Before animals came to rule the world, there was a bizarre organism swaying in the oceans. Looking somewhat like a modern-day fern, the organism had long fronds with branching veins. Known as Ediacarans, they are believed to have been the first truly large multicellular organisms, and yet we still know very little about them.
Now, researchers have put a pair of 580-million-year-old fossil Ediacarans – belonging specifically to a group called rangeomorphs – through a CT scanner to see if they can determine anything new about these weird soft-bodied creatures. Published in the journal Precambrian Research, they found that these organisms lived in three-dimensions and had a central channel running up their middle that may have been filled with a sediment that acted like a primitive skeleton.
The researchers, however, are still uncertain whether rangeomorphs were actually plants or animals. You might think this is a fairly straightforward distinction to make, but there are plenty of animals alive today that could fool most. The fact that these creatures were soft-bodied makes it even trickier to be certain, as all that's usually preserved are the imprints and surface structures.

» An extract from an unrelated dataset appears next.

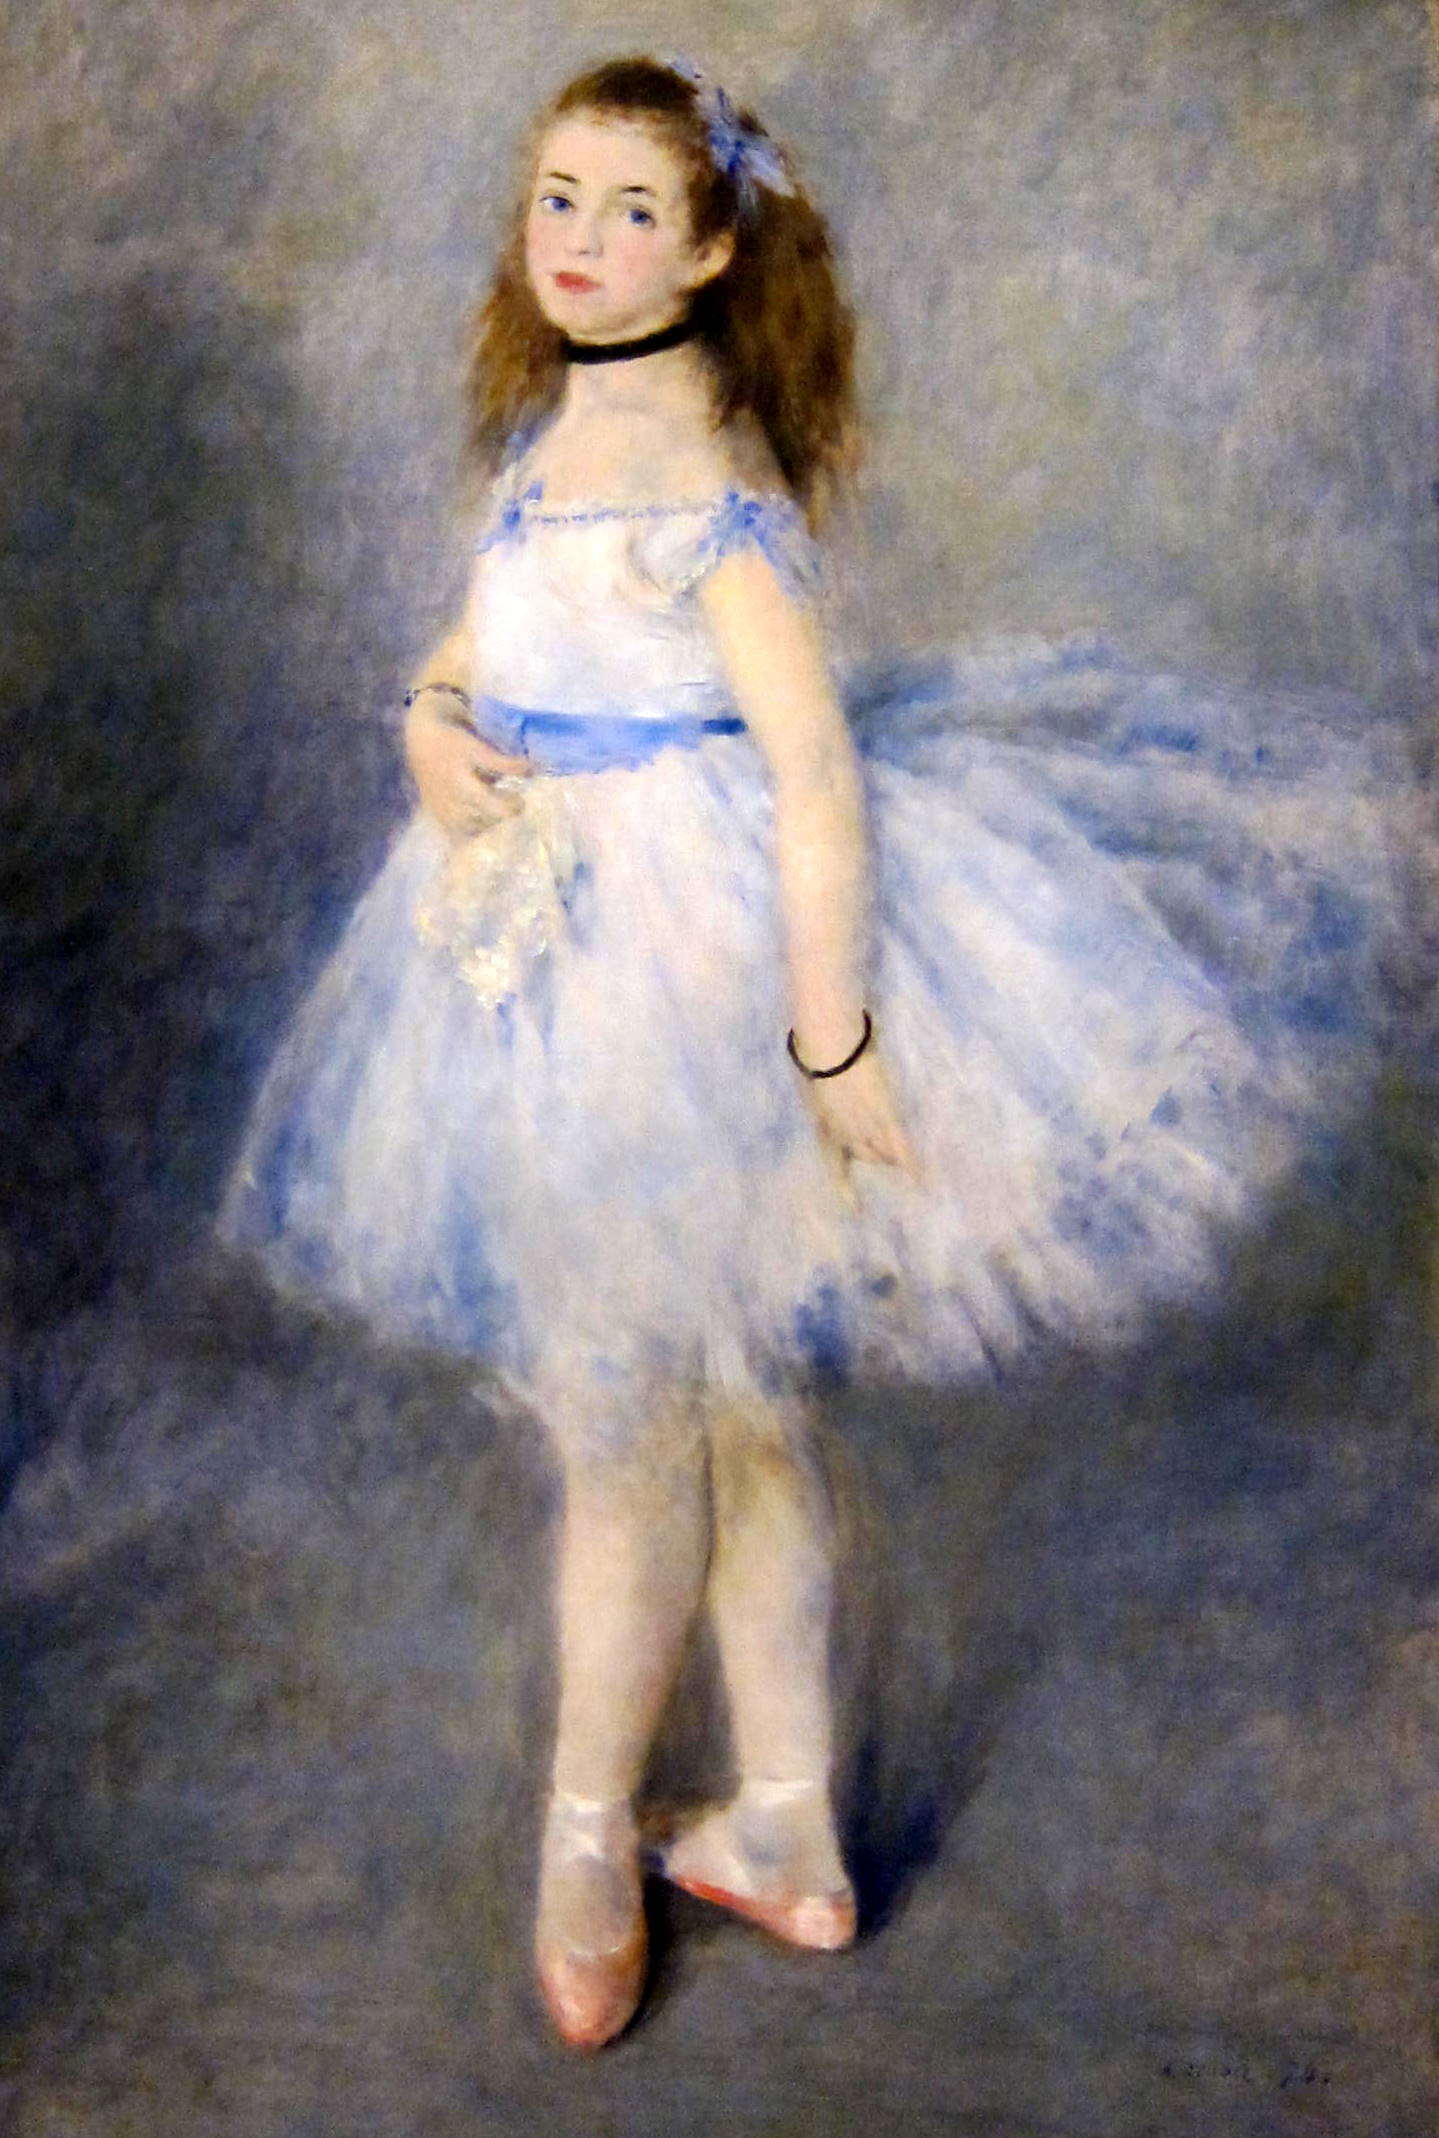 The Dancer by Pierre-Auguste Renoir - 1874 - 142.5 x 94.5 cm National Gallery of Art
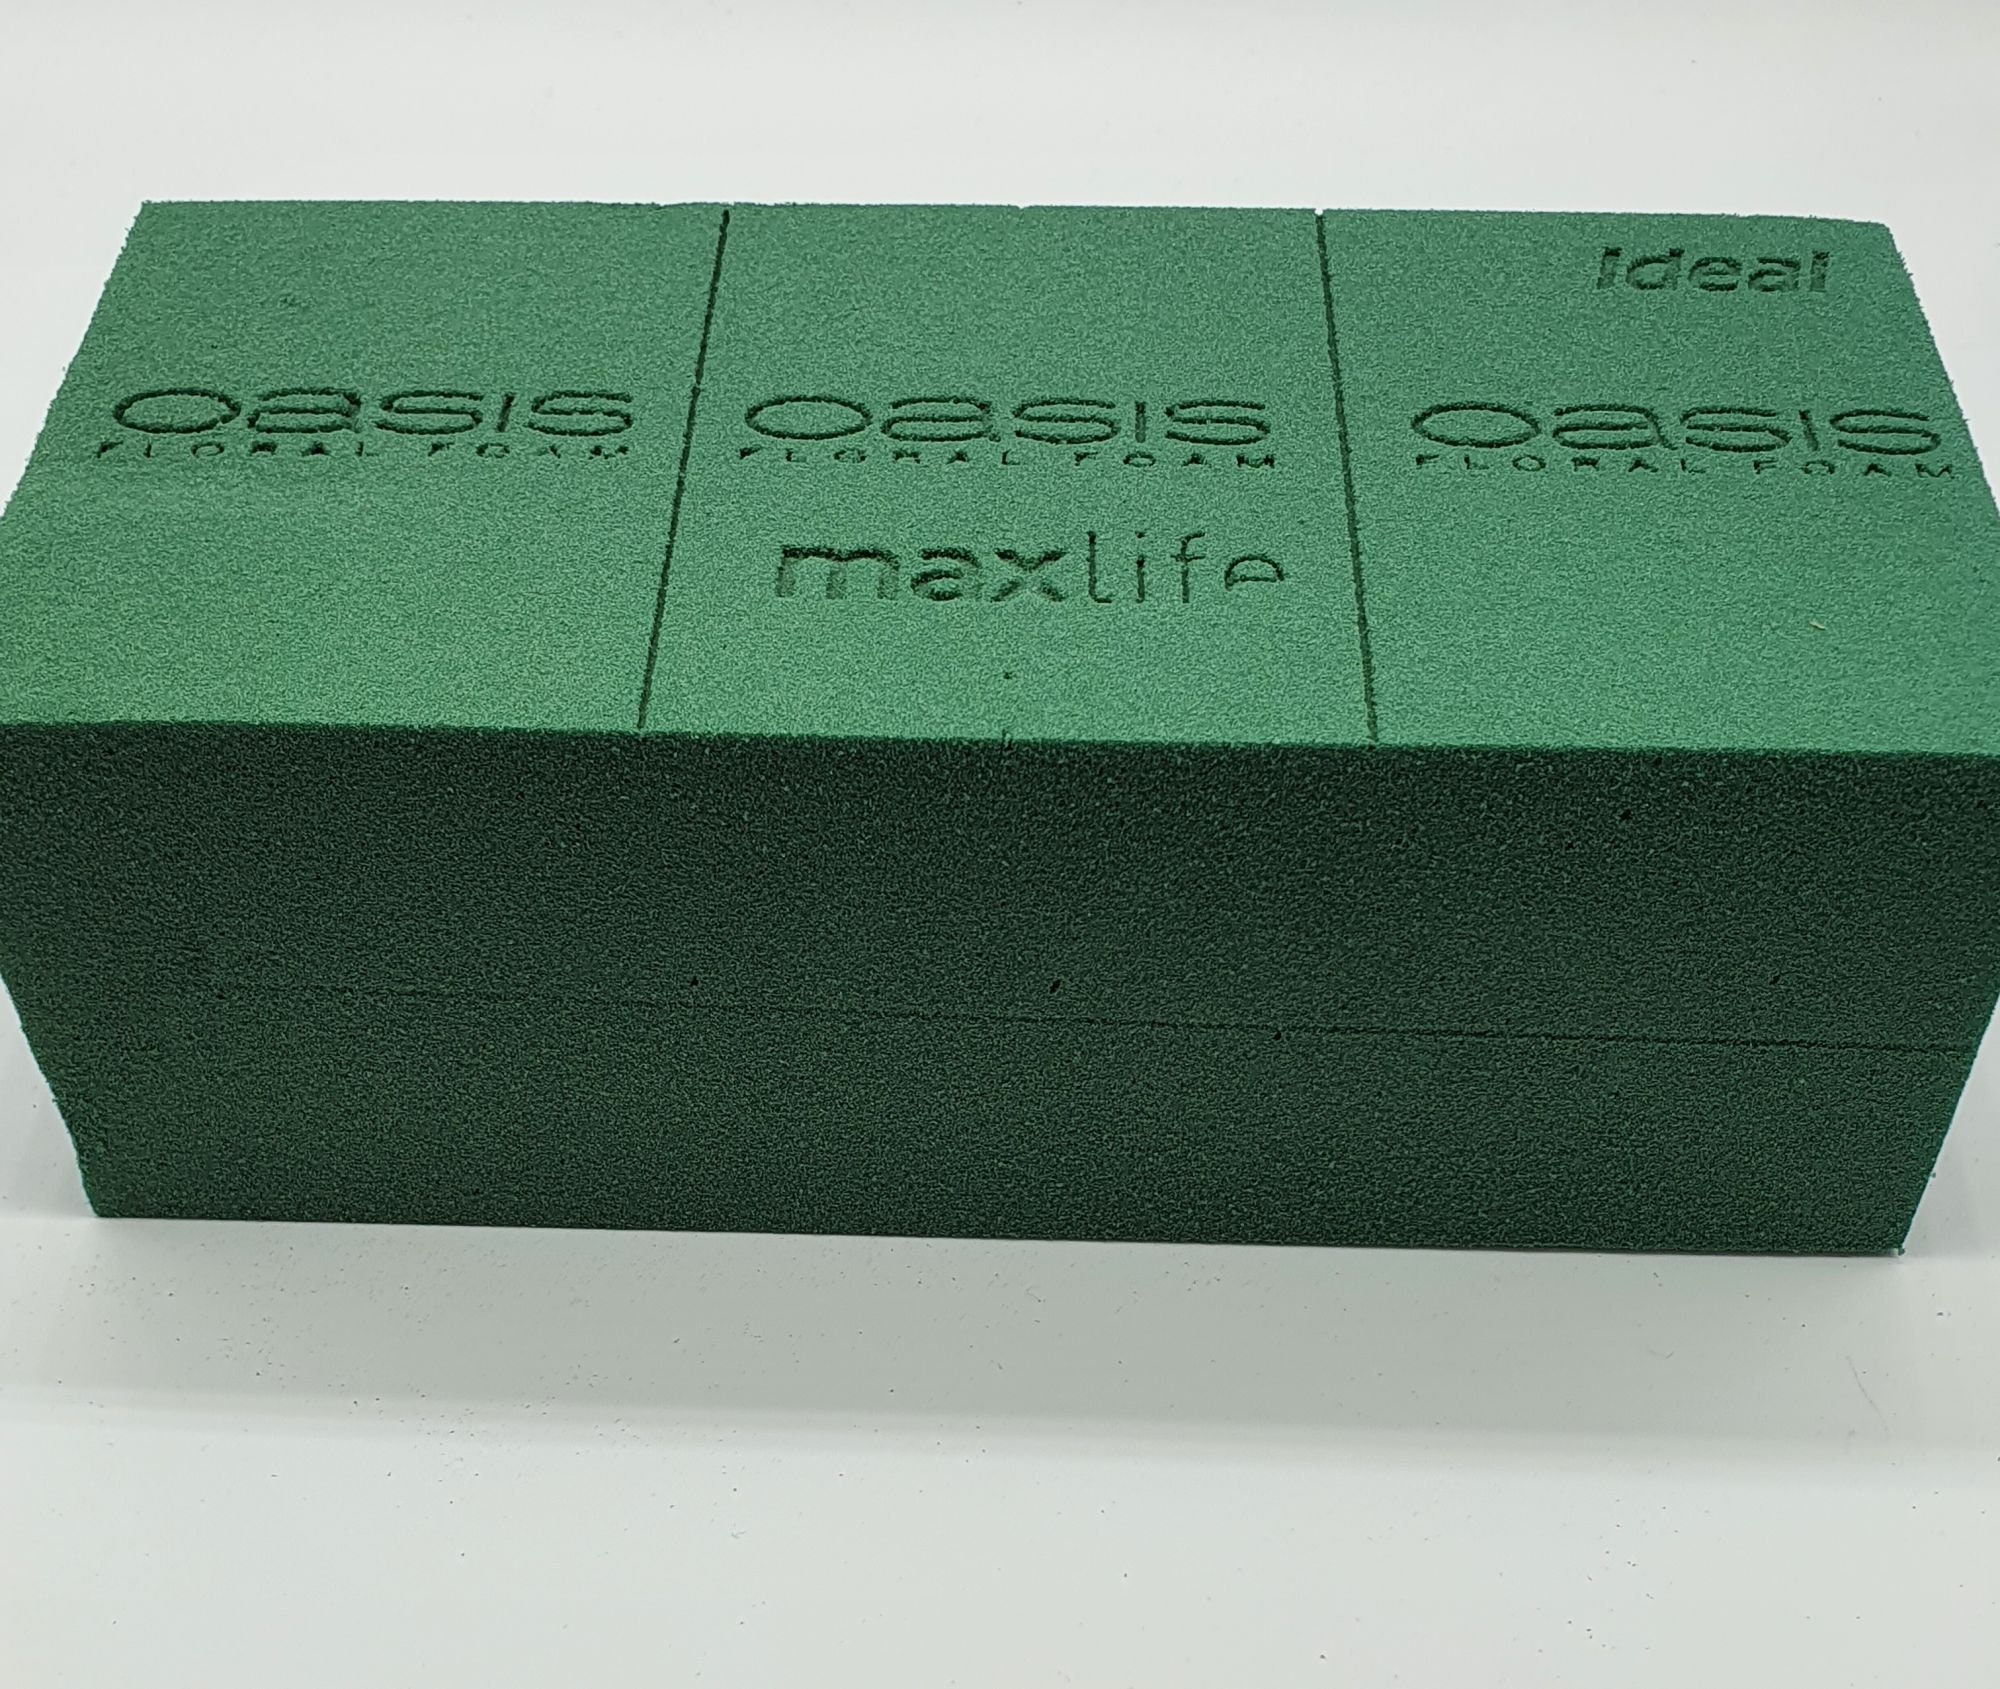 Oasis® Ideal Floral Foam Maxlife 1 Brick - Wet

This is why the fossil finds used in the study, uncovered in the deserts of Namibia, are so rare and vital – they show a preserved Edicarian in three-dimensions. The researchers hoped that by putting it through a CT scanner, they might be able to build not only an unprecedented idea as to what the organism looked like in real life, but potentially how it behaved too.
Previous fossil evidence suggested that the rangeomorphs’ flat leaf-like structures may have been arranged somewhat akin to a starfruit, radiating out from a central stalk. But this pair of fossils, thought to be from the same individual, show that these “leaves” may actually have been inflated during the organism's life.
“This is the first look inside such a unique specimen of a rangeomorph,” explained team lead Alana Sharp, from University College London, to New Scientist. “What has been made visible are internal structures like a central core.”
They were also able to see how the organism puffed itself up, sort of like a balloon. The researchers think that this might have been related to how the creatures fed, and that by increasing the surface area of their fronds, the organisms would be able to absorb more nutrients from the water column.
Unfortunately, the CT scans were still unable to fundamentally answer whether or not these rangeomorphs were plants or animals.